CONSUELO YNARES-SANTIAGO

Associate Justice

WE CONCUR:

HILARIO G. DAVIDE, JR.

Chief Justice

LEONARDO A. QUISUMBING, ANTONIO T. CARPIO

Associate Justice Associate Justice

ADOLFO S. AZCUNA

Associate Justice

CERTIFICATION

Pursuant to Section 13, Article VIII of the Constitution, it is hereby certified that the conclusions in the above Decision were reached in consultation before the case was assigned to the writer of the opinion of the Court’s Division.

HILARIO G. DAVIDE, JR.

Chief Justice


Footnotes

1 Rollo, pp. 10-23.

2 Id. at 24-42. Penned by Associate Justice Vicente Q. Roxas with Associate Justices Salvador J. Valdez, Jr. and Juan Q. Enriquez, Jr., concurring.
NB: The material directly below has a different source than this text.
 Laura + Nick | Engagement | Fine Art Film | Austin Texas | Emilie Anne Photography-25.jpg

3 Id. at 84-92. Penned by Judge Artemio S. Tipon.

4 Id. at 43.

5 Id. at 61.

6 Id. at 65-68.

7 Id. at 63.

8 Id. at 28.

9 Id. at 31.

10 Id. at 88-89.

11 Id. at 92.

12 Id. at 41-42.

13 360 Phil. 891, 904-905 (1998).

14 Coronel, et al. v. CA, 331 Phil. 294, 309 (1996).

15 Rollo, p. 49-B.

16 Tolentino, citing 2 Castan 26 in the Commentaries and Jurisprudence on the Civil Code of the Philippines, p. 18. See also, Paras, Civil Code of the Philippines, Vol. IV, p. 37.

17 Art. 1191. The power to rescind obligations is implied in reciprocal ones, in case one of the obligors should not comply with what is incumbent upon him.
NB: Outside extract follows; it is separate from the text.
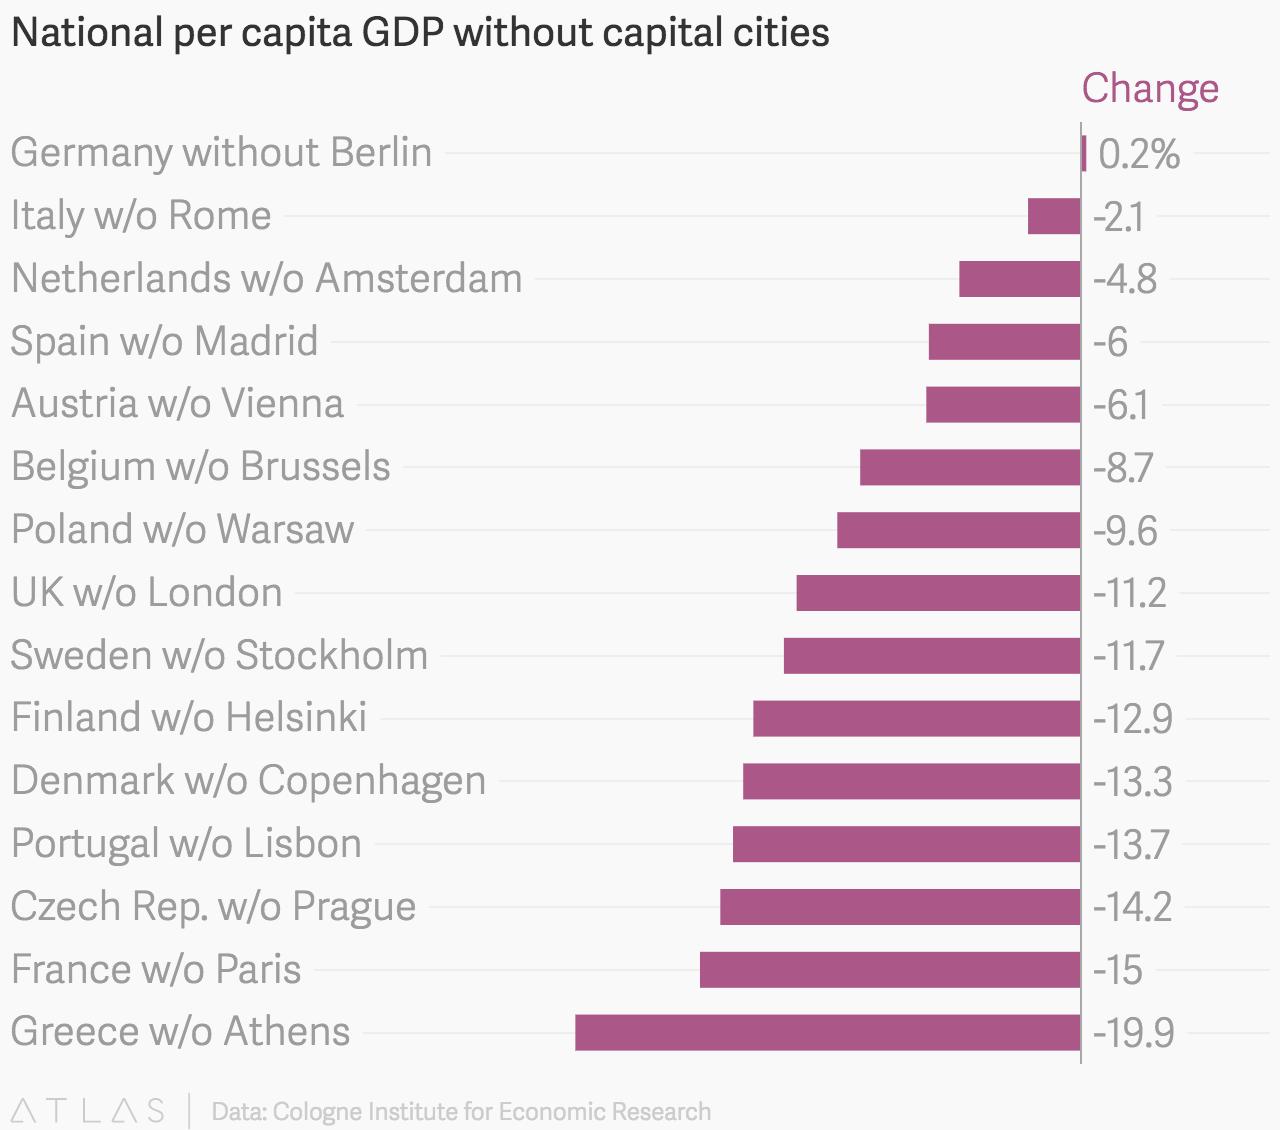 National per capita GDP without capital cities - Atlas

The injured party may choose between the fulfillment and the rescission of the obligation, with the payment of damages in either case. He may also seek rescission, even after he has chosen fulfillment, if the latter should become impossible.

The court shall decree the rescission claimed, unless there be just cause authorizing the fixing of a period.

This is understood to be without prejudice to the rights of third persons who have acquired the thing, in accordance with Articles 1385 and 1388 and the Mortgage Law.